Your child’s GP is your best source of individual advice on your toddler’s nutritional needs. Portion sizes and overall calorie intake will vary depending on your child’s height, weight and overall health. If your child has special health concerns, you may want to consult with a paediatric dietician.


Since toddlers do not eat much over the course of the day, it is important that their food choices be healthy ones. Avoid fast food, chips, processed bakery items and sweets since these items offer no benefits to a growing child. Sweets and the like should be reserved for special occasions, not for regular meals.

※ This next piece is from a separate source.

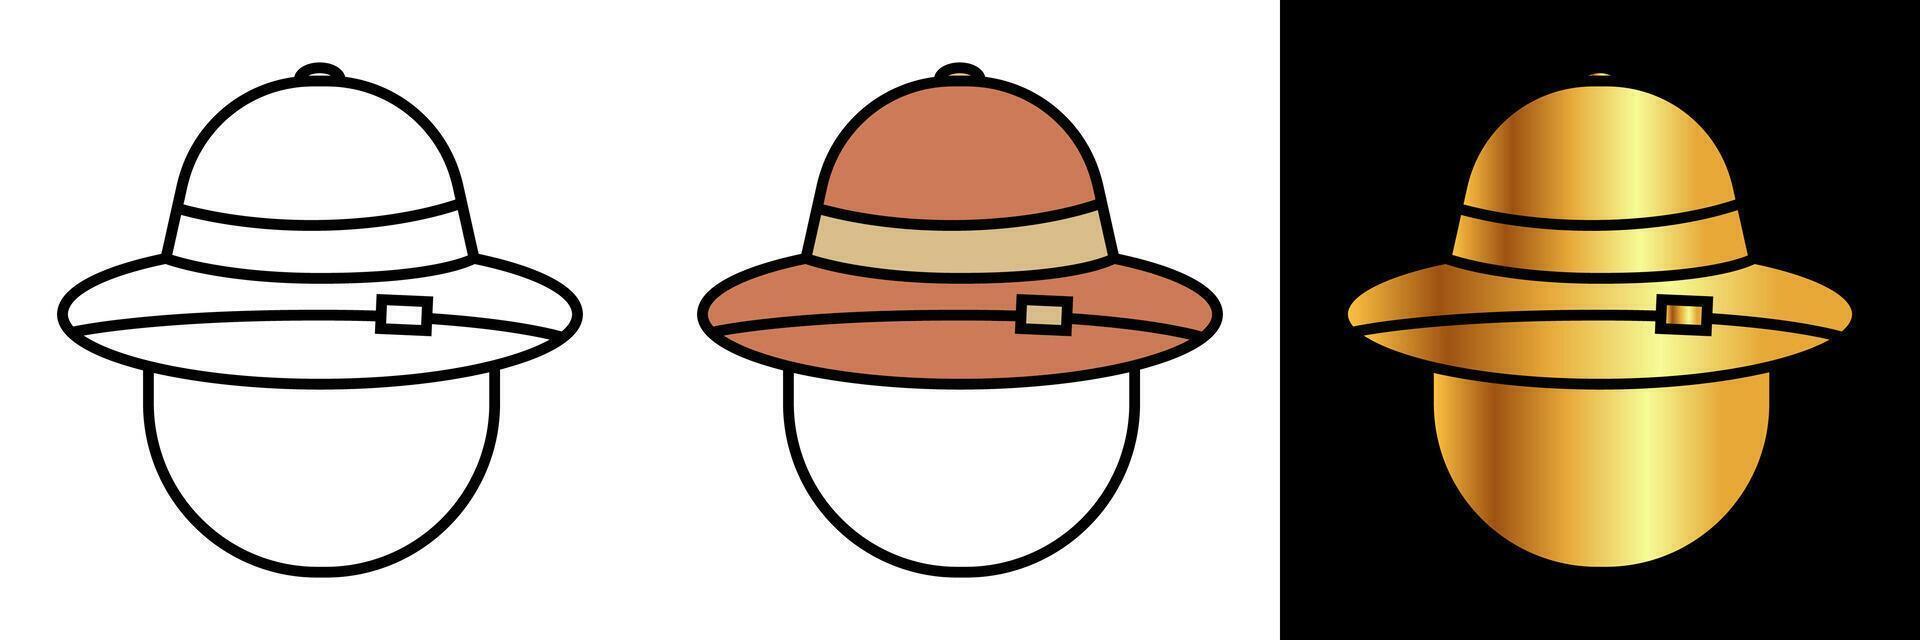 safari sombrero icono, un icono representando un safari sombrero, simbolizando aventura, exploración, y proteccion en el desierto. vector

Another thing to consider when feeding your toddler is safety. Choking is responsible for the death of many toddlers each year, so be sure that you are always on hand to supervise mealtimes. Additionally, know that certain foods are especially hazardous to young children since their shape makes them prone to lodge in a child’s small throat. Grapes, hot dogs and cherry tomatoes should be cut into very small pieces and most experts do not recommend allowing toddlers to eat popcorn.

Little Eyes are Watching

While most of us enjoy the occasional salty snack or sweet, it is important that the adults in the family set a good example of healthy eating for their little ones. Children learn by example, so be sure that you eat your veggies, too!